JEF NEVE : UN « ARTIST »

EN SPIRIT  CONTROL !

 

A l’occasion de la sortie de son nouvel album, nous avons pu rencontrer Jef NEVE ; un pianiste (il a joué sur la bande originale de THE ARTIST) et un compositeur à l’aise dans une multitude de genres. A commencer par le jazz mais surtout pas que ! Pour preuve : cet album spirituel et parfaitement contrôlé – d’où le titre- qui présente des titres variés, très bien écrits et superbement joués. Afin de mieux le connaitre, nous lui avons demandé de nous parler de son parcours et de ses influences, très classiques mais aussi plus modernes. Nous l’avons aussi interrogé sur son rapport à l’image et ses quelques collaborations dans ce domaine.

 
 
La Rencontre !

Jef NEVE, depuis quand faites-vous de la musique ? Etes-vous d’une famille de musiciens ?

JN : depuis l'âge de 3 ans. C'est en effet à ce très jeune âge que j'ai commencé à jouer mes premières notes sur le piano. D’ailleurs, je dois vous le dire : j'ai grandi avec de la musique autour de moi dans la maison familiale. Mon père n'est pas un musicien mais reste un amateur de musique formidable. Quant à ma mère, c'est une bonne pianiste et elle chante encore aujourd’hui dans un chœur.  

Avez-vous commencé par le jazz ou le classique ?

JN : au Conservatoire, j'ai étudié à la fois mes maîtres classiques et de jazz au piano. À l'école de musique, en tant que petit, j'ai commencé la musique classique (et aussi le saxophone).

Vous mettez-vous des frontières dans la musique ?

JN : pas du tout. Ma principale préoccupation consiste à de faire de la musique profonde et sincère. Vous savez, je n'aime pas les barrières, ni dans la musique, ni dans la vie.

D’une manière générale, quelles sont vos influences ?

JN : pour moi, Johan-Sébastian BACH représente Dieu dans la musique ! Ensuite, j’aime beaucoup RACHMANINOV et, bien sûr, Wolfgang-Amadeus MOZART. Mais j'apprécie aussi des compositeurs de notre époque : Brad MEHLDAU, György LIGETI, Keith JARRET, PRINCE, les groupes RADIOHEAD et SHAKTI,... Comme vous le voyez, ce sont différents types de musiques qui peuvent m'inspirer.

Parmi ces influences, on évoque beaucoup Philip GLASS ; qu’aimez-vous dans ses musiques ?

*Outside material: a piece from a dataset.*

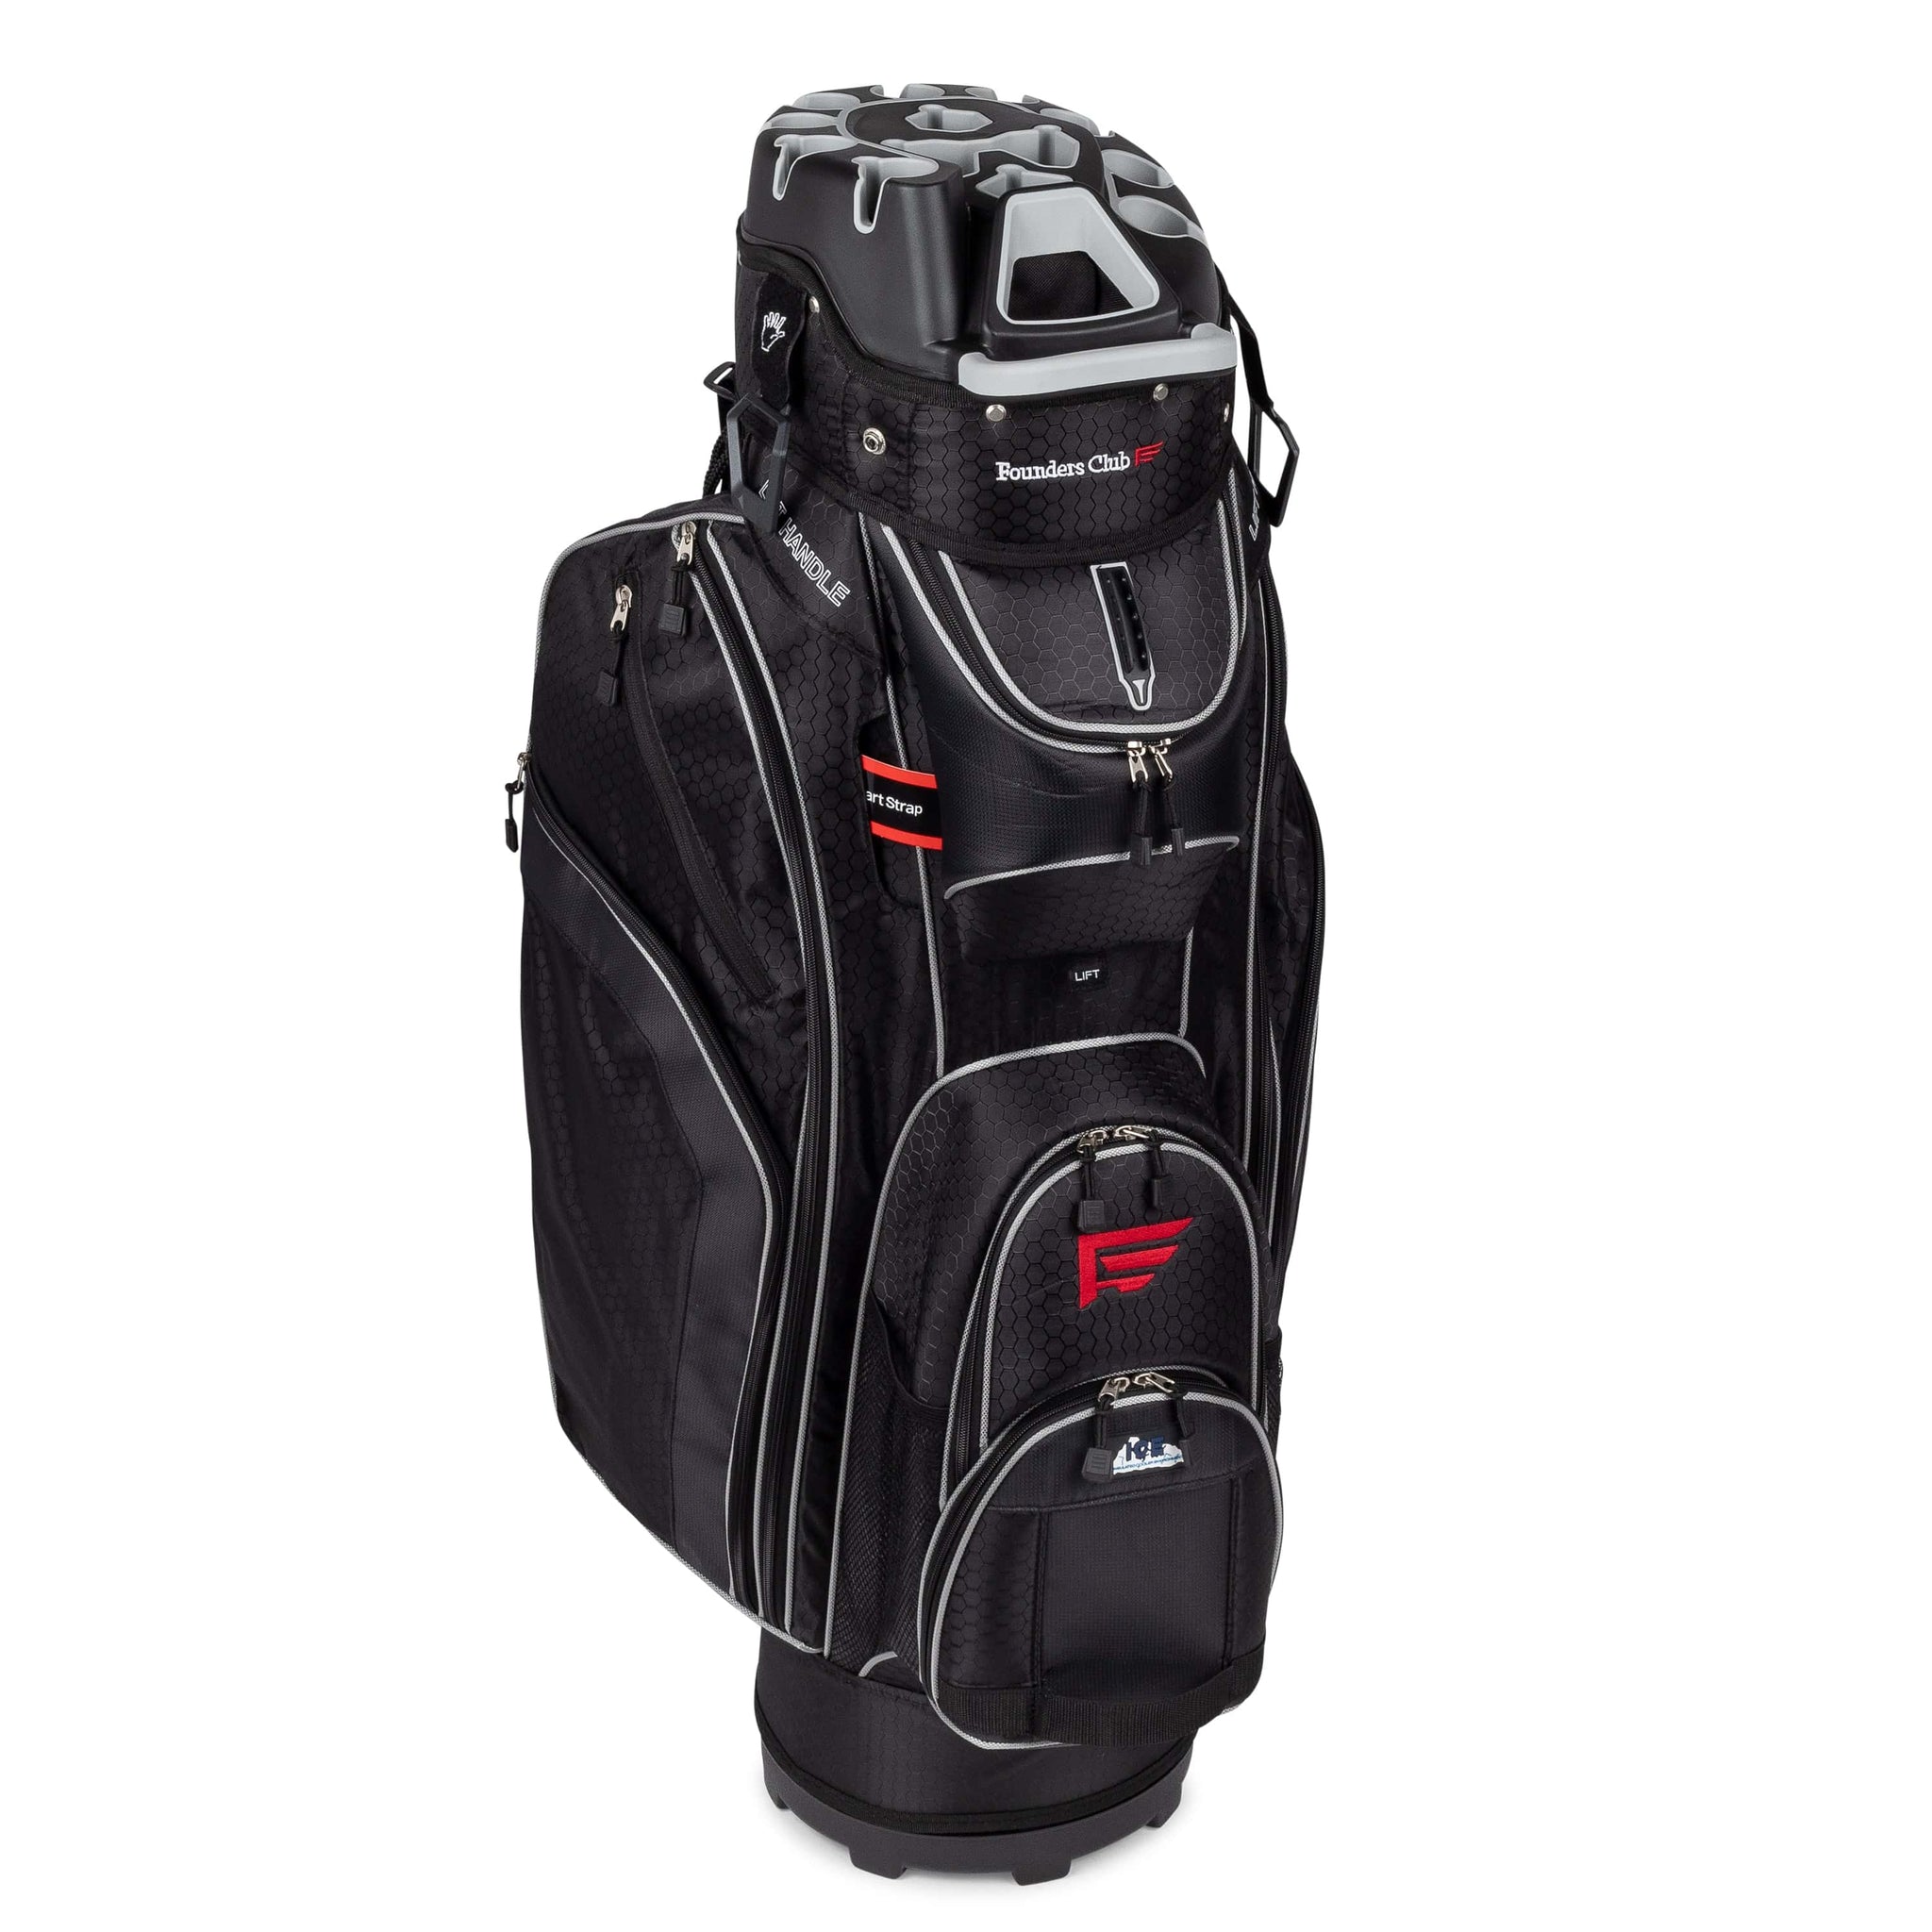 Founders Club 3rd Generation Premium Organizer 14 Way Golf Cart Bag -

JN : j'aime vraiment la manière minimaliste. En particulier, je trouve très intéressante la façon répétitive qu’il a de construire une mélodie et de lui donner une dimension dramatique. Je pense que c’est primordial de laisser la mélodie grandir et atteindre le public par sa simplicité.  Maintenant, en ce qui me concerne, dans mes musiques, je crois que j'ajoute, moi aussi, une dimension dramatique. J’y intègre aussi, et c’est peut-être encore plus important, une part d’improvisation. Vous savez, en tant que grand amateur de Johann SEBASTIAN BACH, je ne peux pas m'empêcher de composer des couches, des voix supplémentaires, qui agissent de manière fugace dans ma musique.

A quel moment avez-vous trouvé l’idée directrice de cet album qui s’intitule SPIRIT CONTROL ?

JN : l’idée m’est venue l’été dernier alors que je me trouvais en vacances en Italie. C’est pendant ce séjour que j’ai découvert un album de Max RICHTER qui avait réorganisé LES QUATRE SAISONS d’Antonio VIVALDI. J’ai trouvé le résultat tellement magnifique, qu’immédiatement, j’y ai vu la façon dont mon nouvel album devait sonner !

S’il y a un côté spirituel dans cet album, peut-on dire que c’est dans le morceau Spirit Control, sur lequel vous jouez beaucoup de manière mélancolique, répétitive, qu’on le retrouve le plus ?

JN : cet album, il n'est pas spirituel seulement dans certains morceaux. Il s'agit aussi de l'idée de contrôle de votre esprit. J'ai le sentiment, à ce stade de ma vie, que je fais les choses «sous contrôle». Je sais que c'est juste une pensée, mais cela me donne un sentiment très positif, beaucoup d'énergie, et c'est aussi la façon dont nous avons réalisé cet album, en prises directes, avec beaucoup d'énergie! Il est vrai que certaines chansons commencent par une mélodie mélancolique, mais elles contiennent en fait une forte accumulations ou une fin positive.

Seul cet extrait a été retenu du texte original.